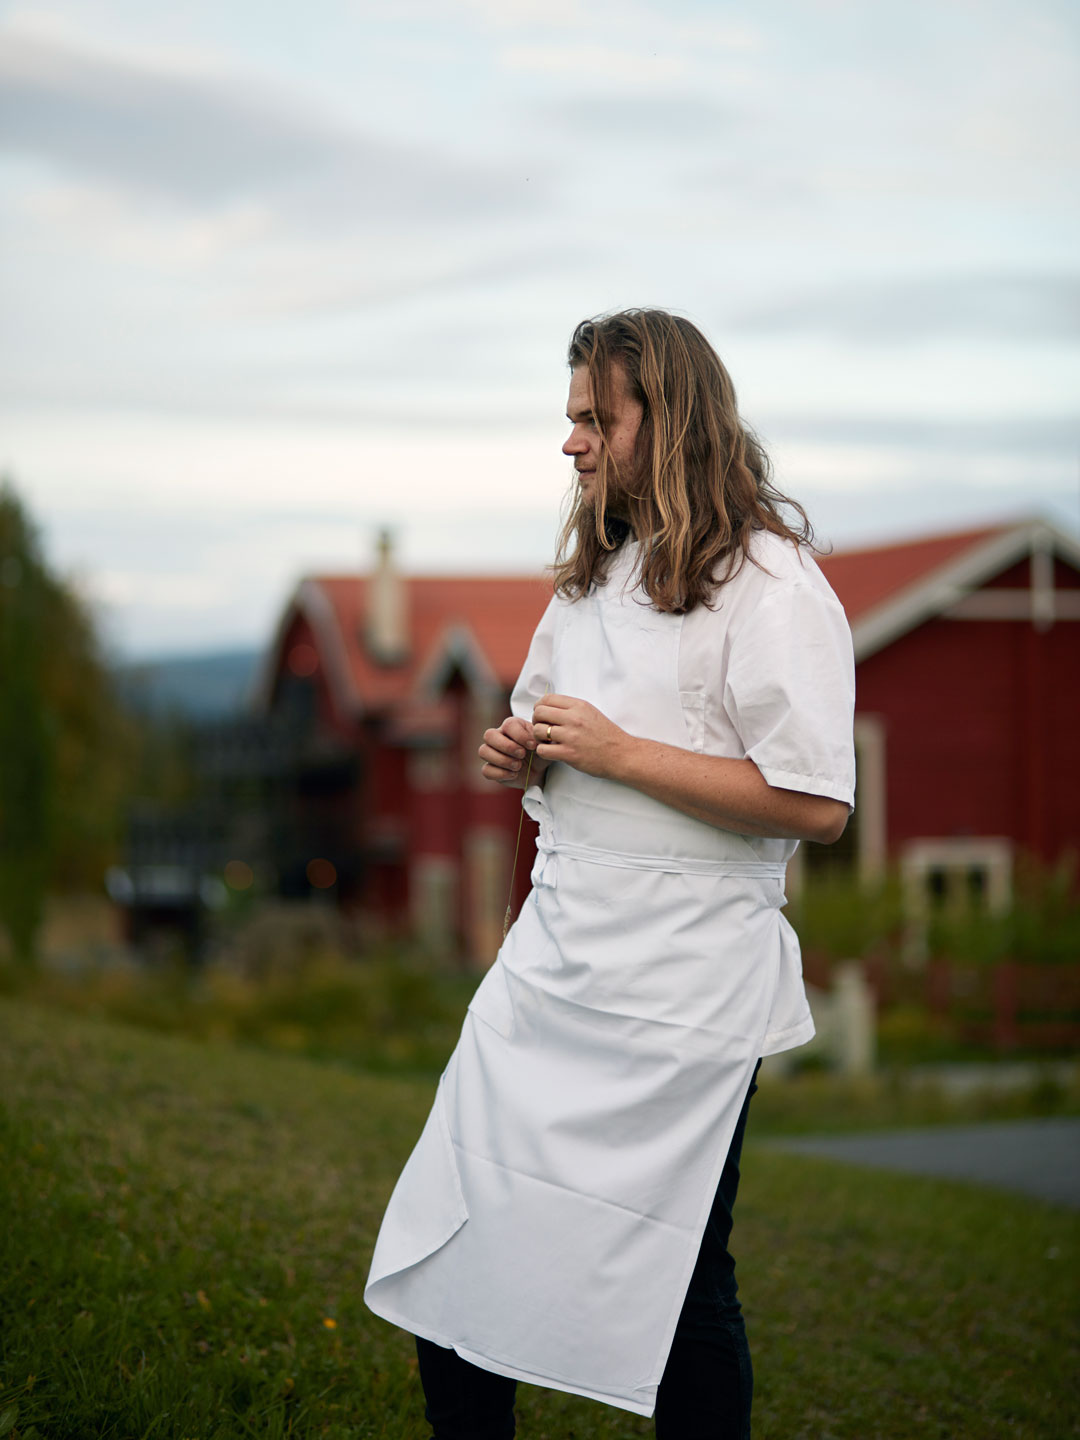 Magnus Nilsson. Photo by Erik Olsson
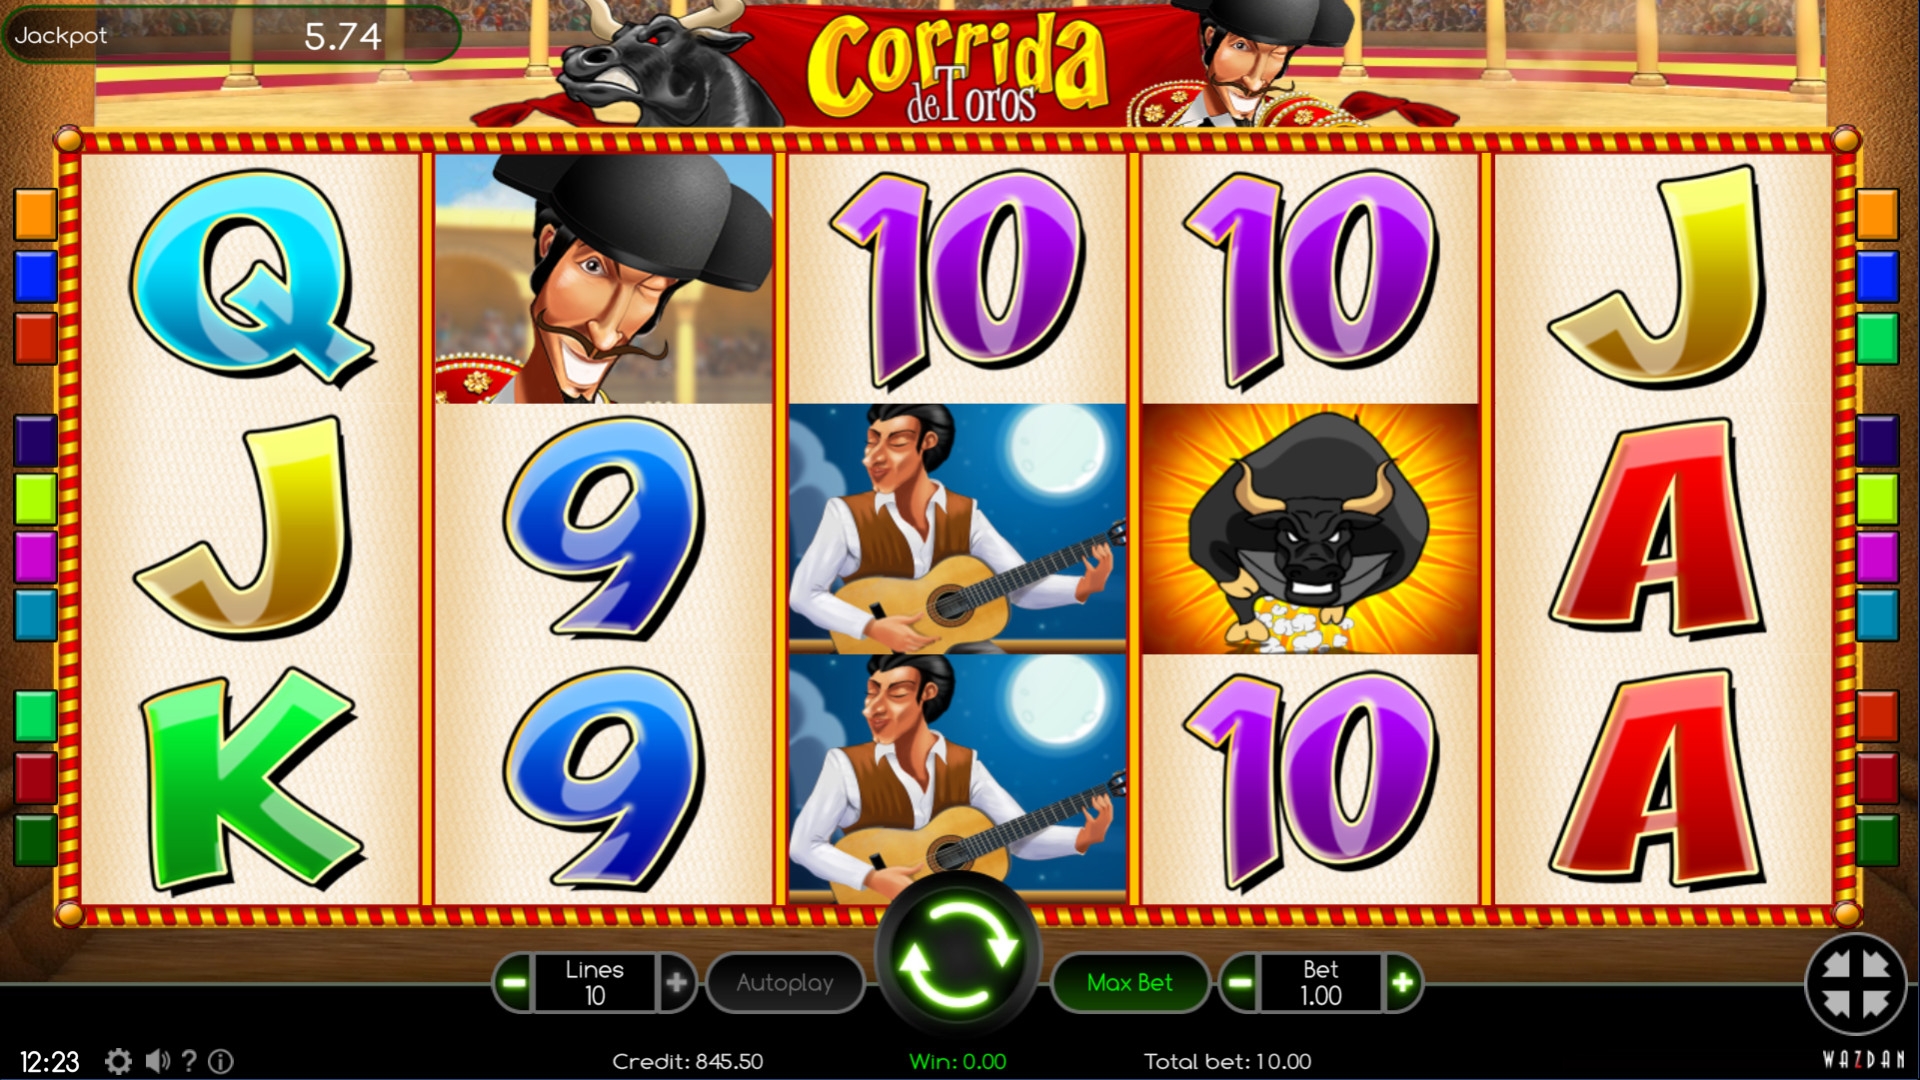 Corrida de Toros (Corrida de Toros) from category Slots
==
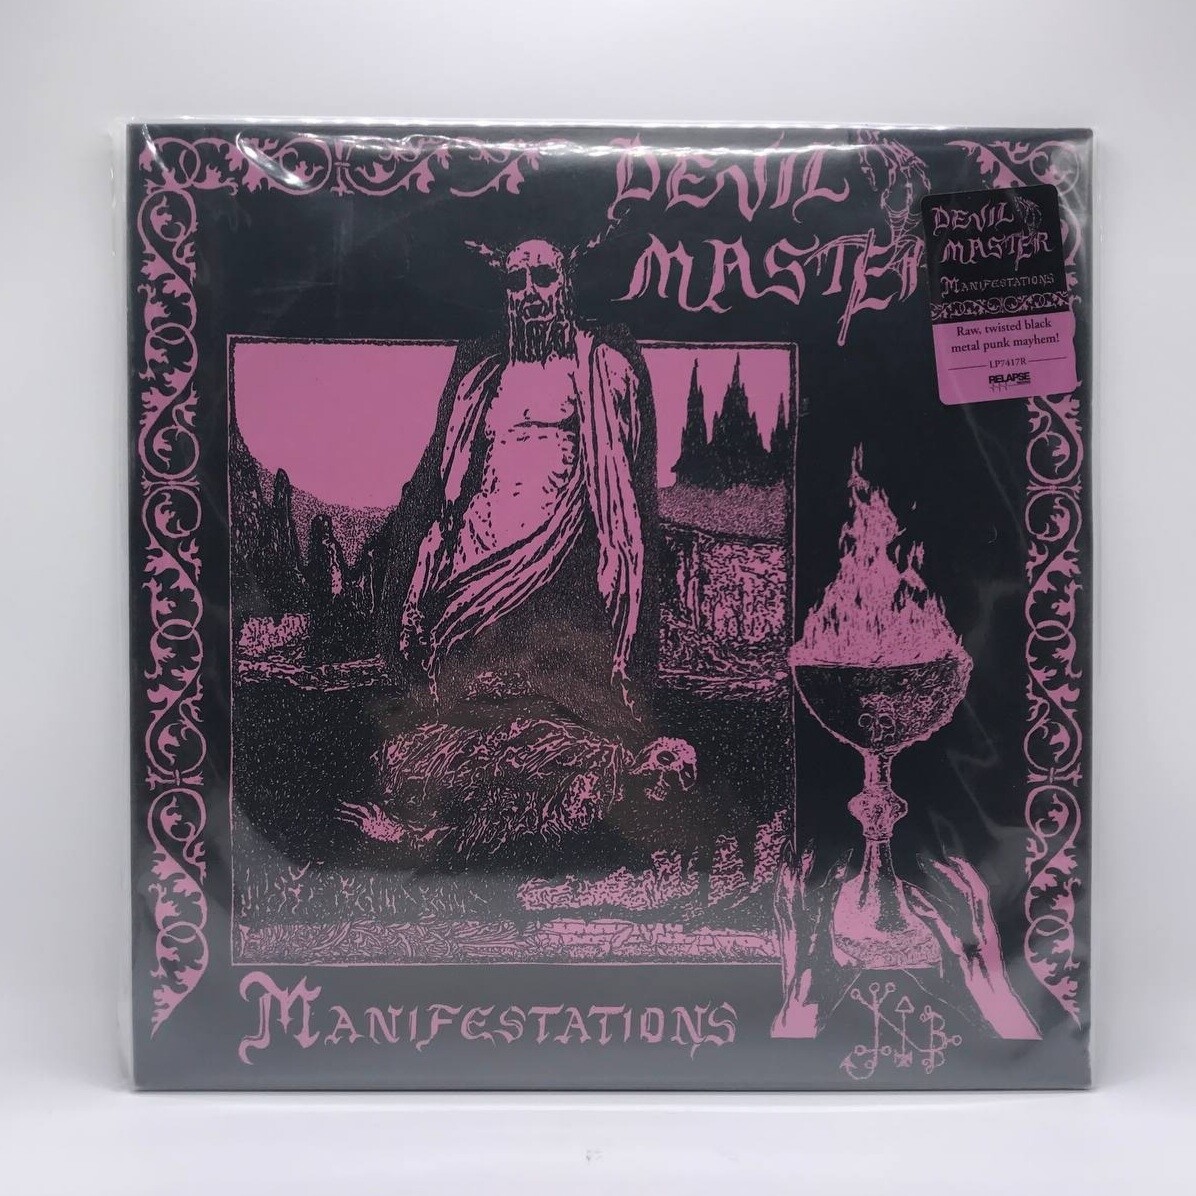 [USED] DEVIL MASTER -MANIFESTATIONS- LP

What to produce: Only one part of the material above is wanted: the lines from the one with "Magnus Nilsson. Photo by Erik Olsson" up to and including the one with "Corrida de Toros (Corrida". Please copy them exactly, pictures left out.

Answer to this problem:
 Magnus Nilsson. Photo by Erik Olsson
 Corrida de Toros (Corrida de Toros) from category Slots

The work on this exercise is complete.